| Aim of the exercise |
Every record should be copied exactly, except that pictures are to be omitted.

| Data shown |

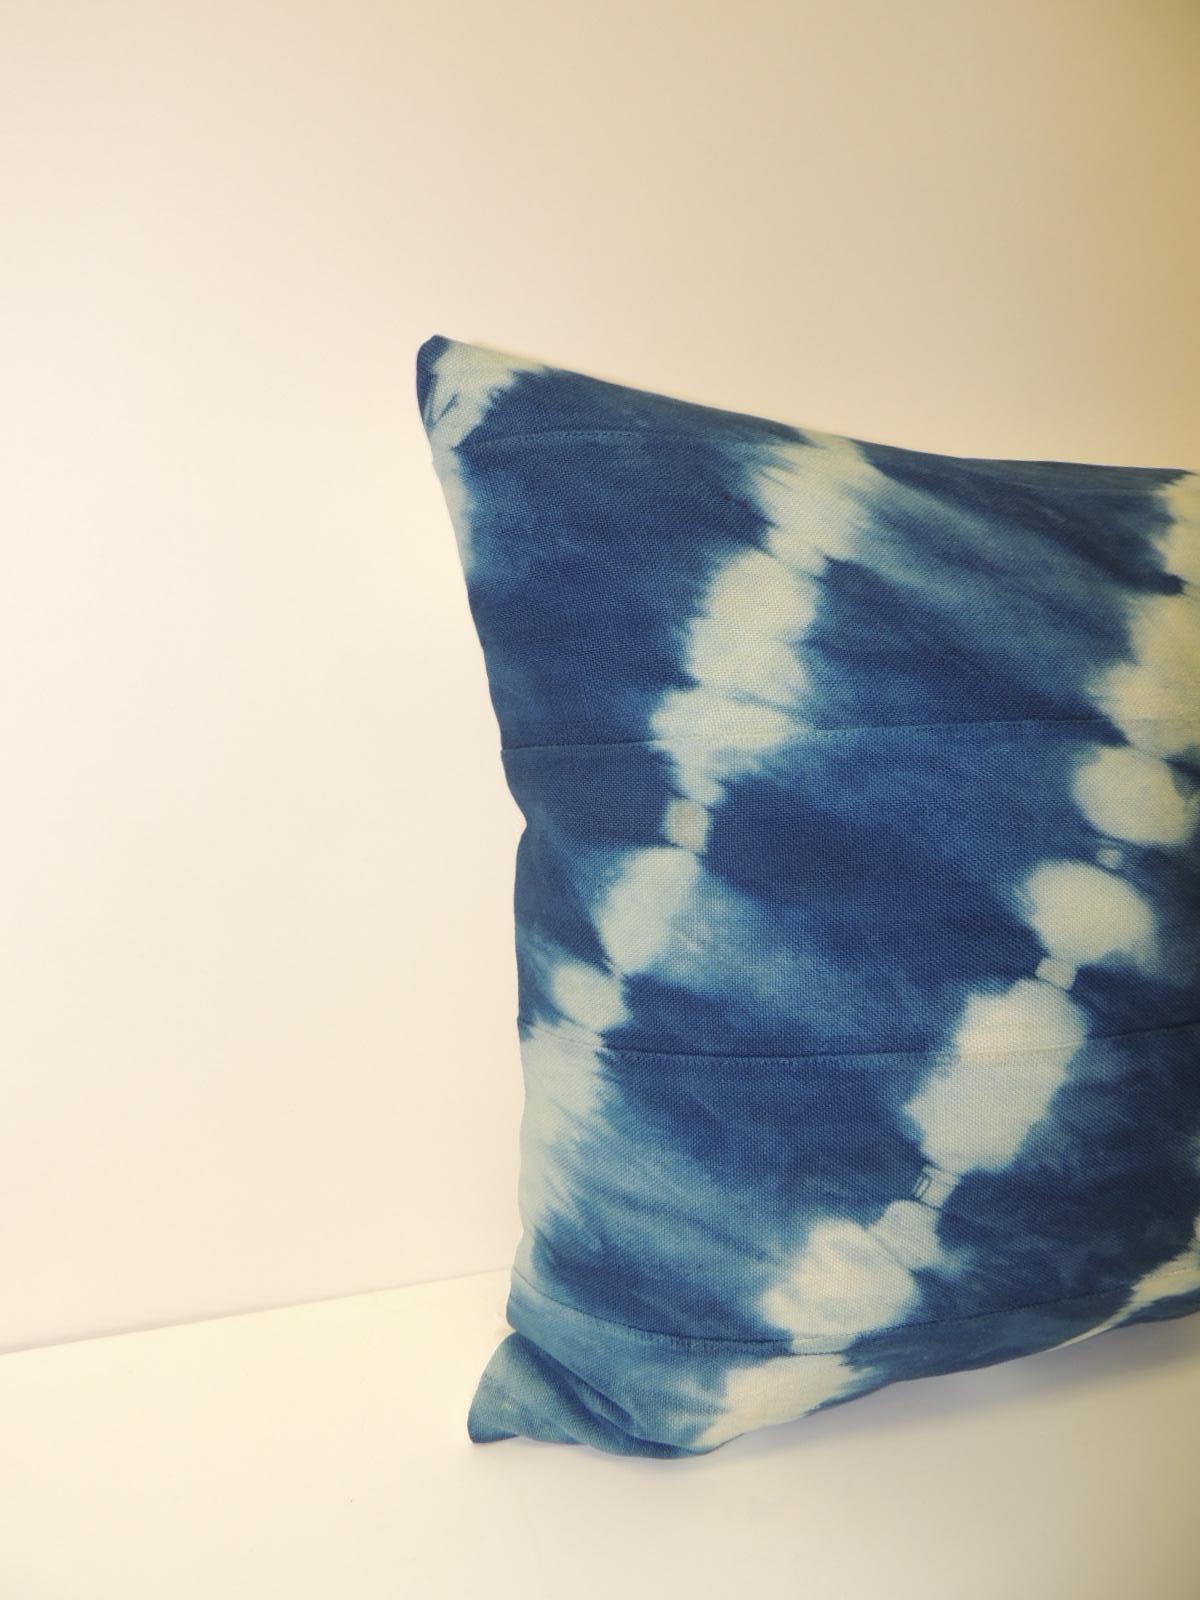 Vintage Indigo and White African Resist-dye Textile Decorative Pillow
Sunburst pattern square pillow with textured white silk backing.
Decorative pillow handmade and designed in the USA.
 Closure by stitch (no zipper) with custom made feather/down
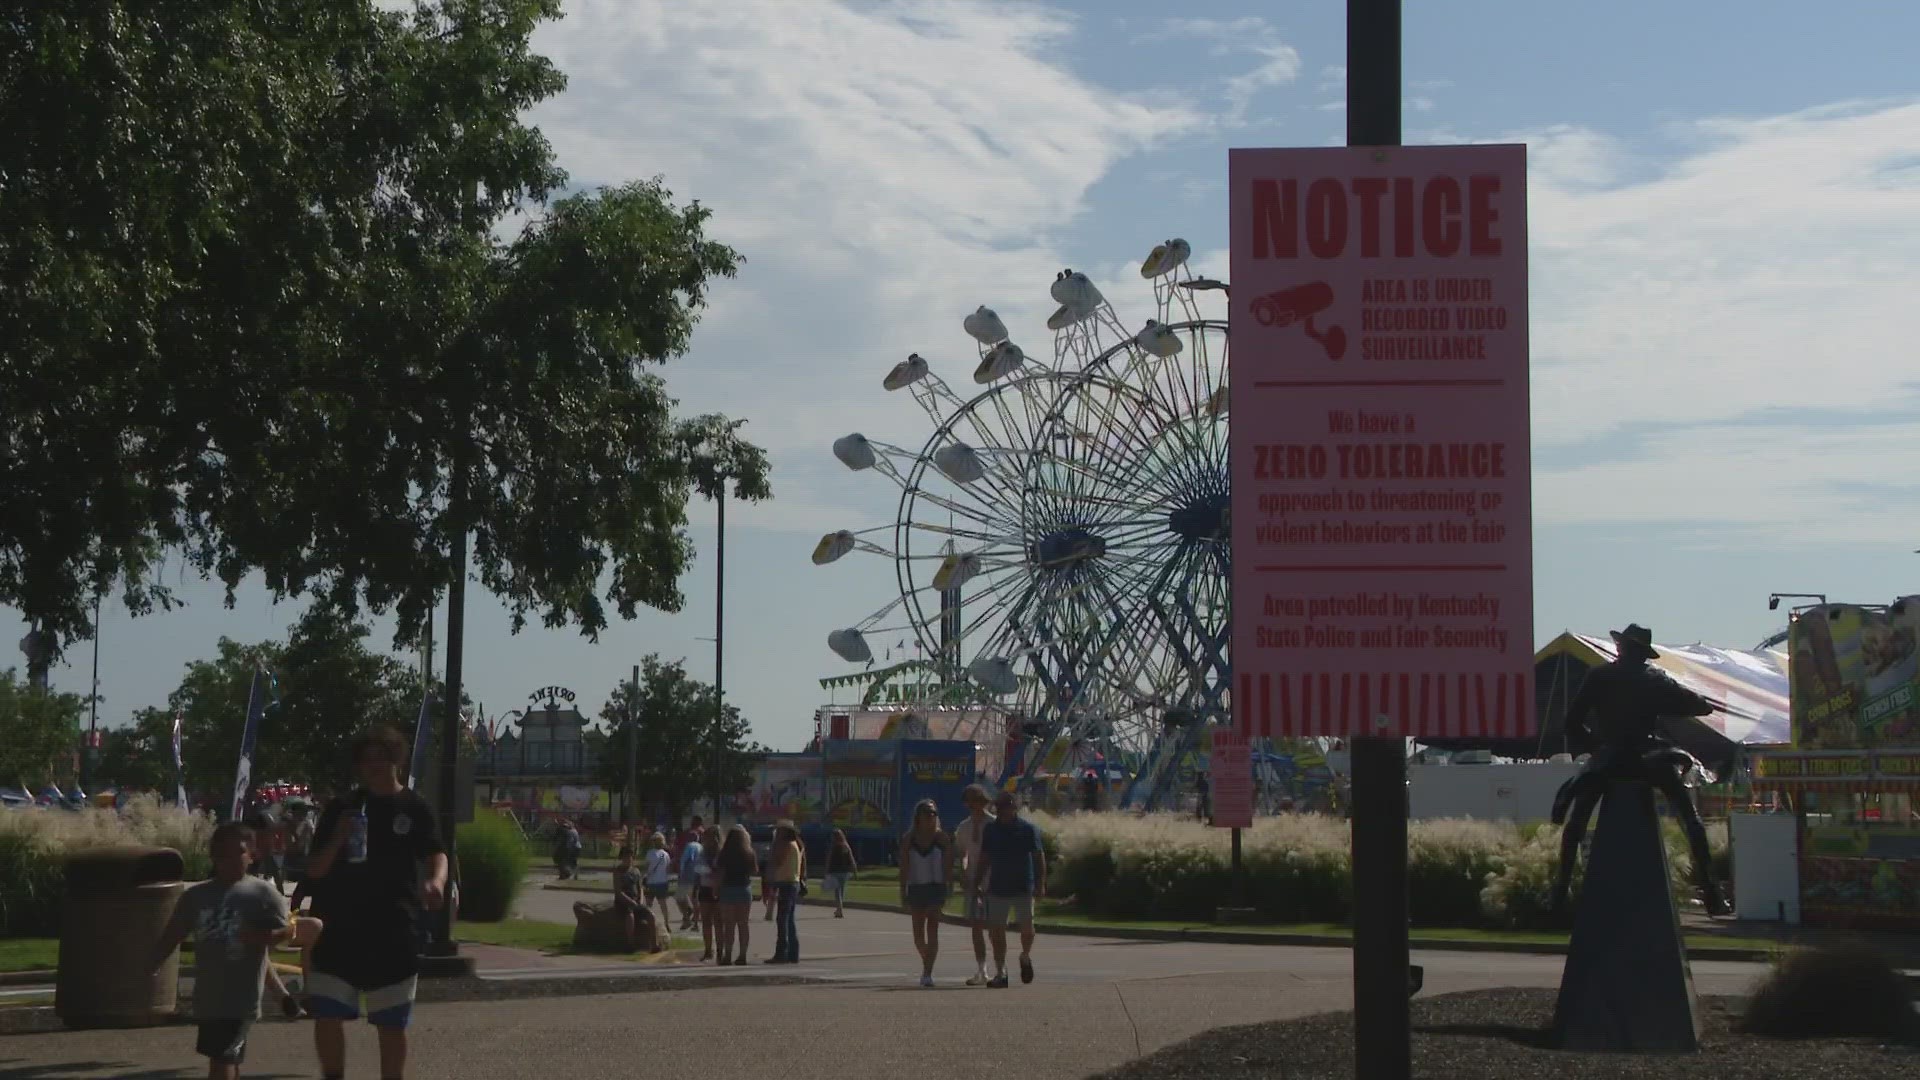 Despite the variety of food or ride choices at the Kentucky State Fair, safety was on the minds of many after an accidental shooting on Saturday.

| Answer box |
 Vintage Indigo and White African Resist-dye Textile Decorative Pillow
Sunburst pattern square pillow with textured white silk backing.
Decorative pillow handmade and designed in the USA.
 Closure by stitch (no zipper) with custom made feather/down
 Despite the variety of food or ride choices at the Kentucky State Fair, safety was on the minds of many after an accidental shooting on Saturday.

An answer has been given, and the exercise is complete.